[[ STUDY MATERIAL open ]]
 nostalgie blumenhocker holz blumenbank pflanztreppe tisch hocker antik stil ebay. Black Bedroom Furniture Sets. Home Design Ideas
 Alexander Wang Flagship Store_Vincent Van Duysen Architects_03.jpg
[[ STUDY MATERIAL closed ]]
[[ STUDY MATERIAL open ]]
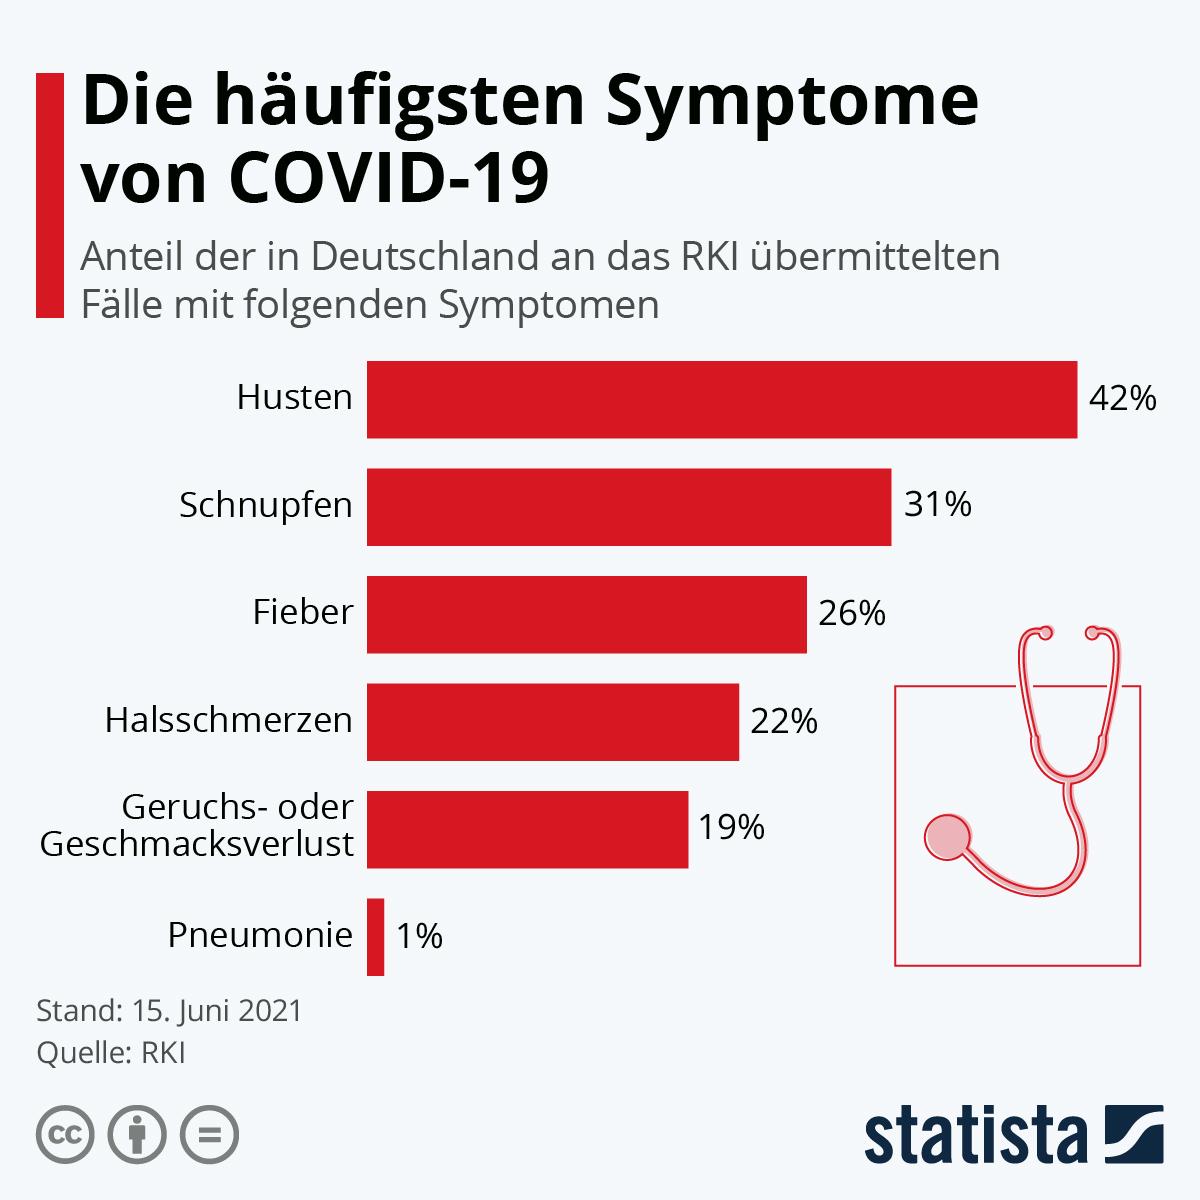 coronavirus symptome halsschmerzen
[[ STUDY MATERIAL closed ]]
[[ STUDY MATERIAL open ]]
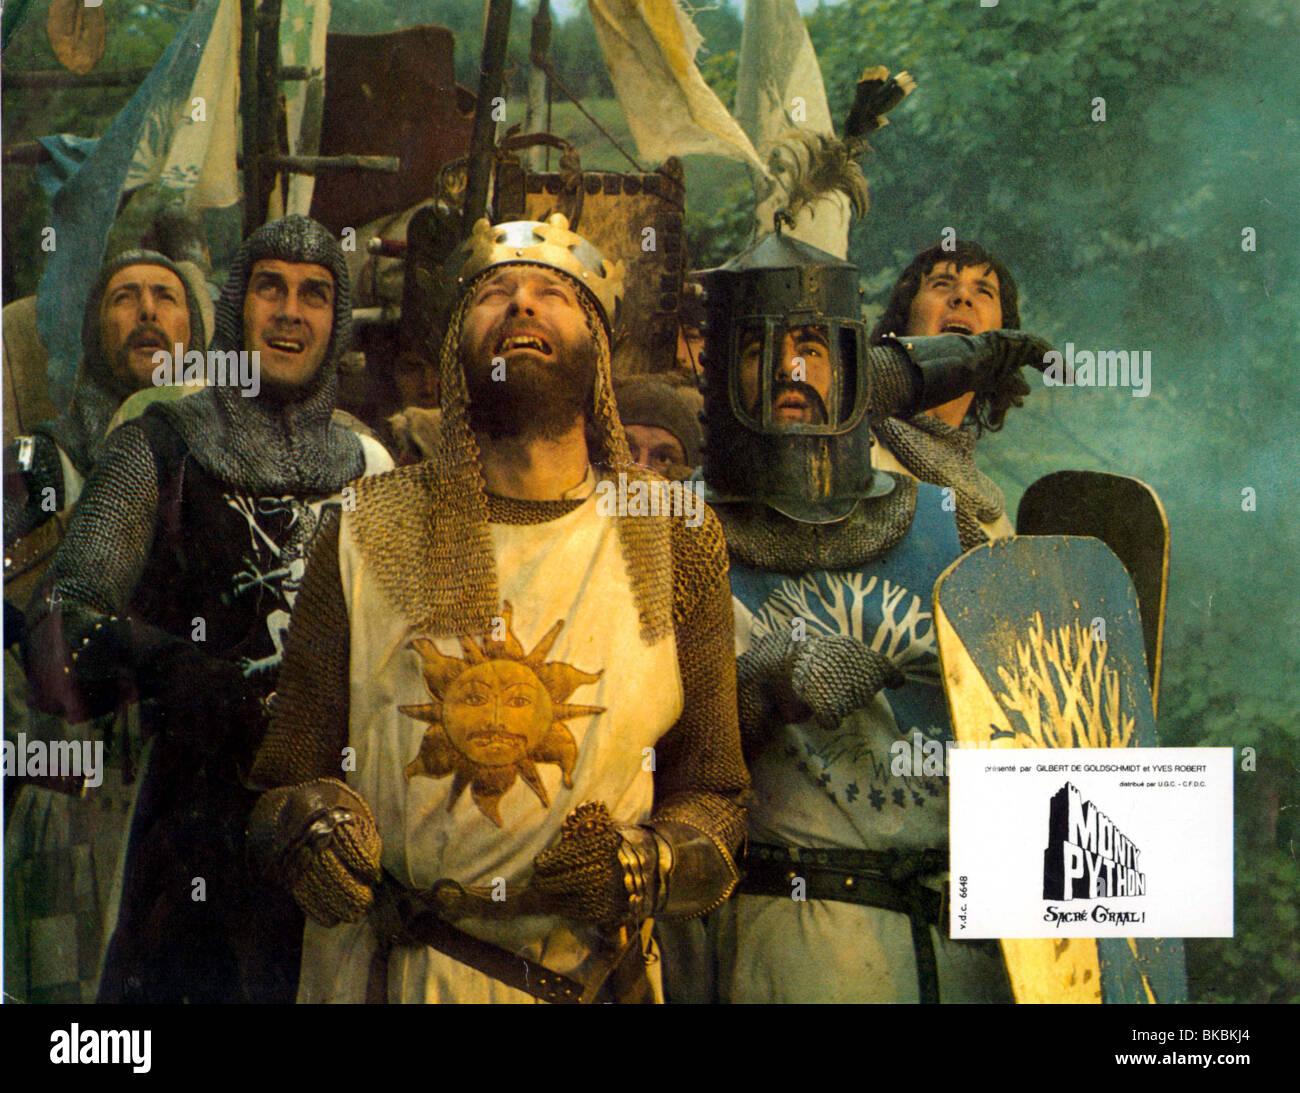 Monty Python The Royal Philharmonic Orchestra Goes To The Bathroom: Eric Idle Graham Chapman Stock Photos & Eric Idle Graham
[[ STUDY MATERIAL closed ]]
## [INSTRUCTIONS FOR THE TASK]
Please output exactly the lines between the one holding "nostalgie blumenhocker holz" and the one holding "Alexander Wang Flagship" in the records above, inclusive, and nothing more.

## [REPLY TO THE EXERCISE]
 nostalgie blumenhocker holz blumenbank pflanztreppe tisch hocker antik stil ebay. Black Bedroom Furniture Sets. Home Design Ideas
 Alexander Wang Flagship Store_Vincent Van Duysen Architects_03.jpg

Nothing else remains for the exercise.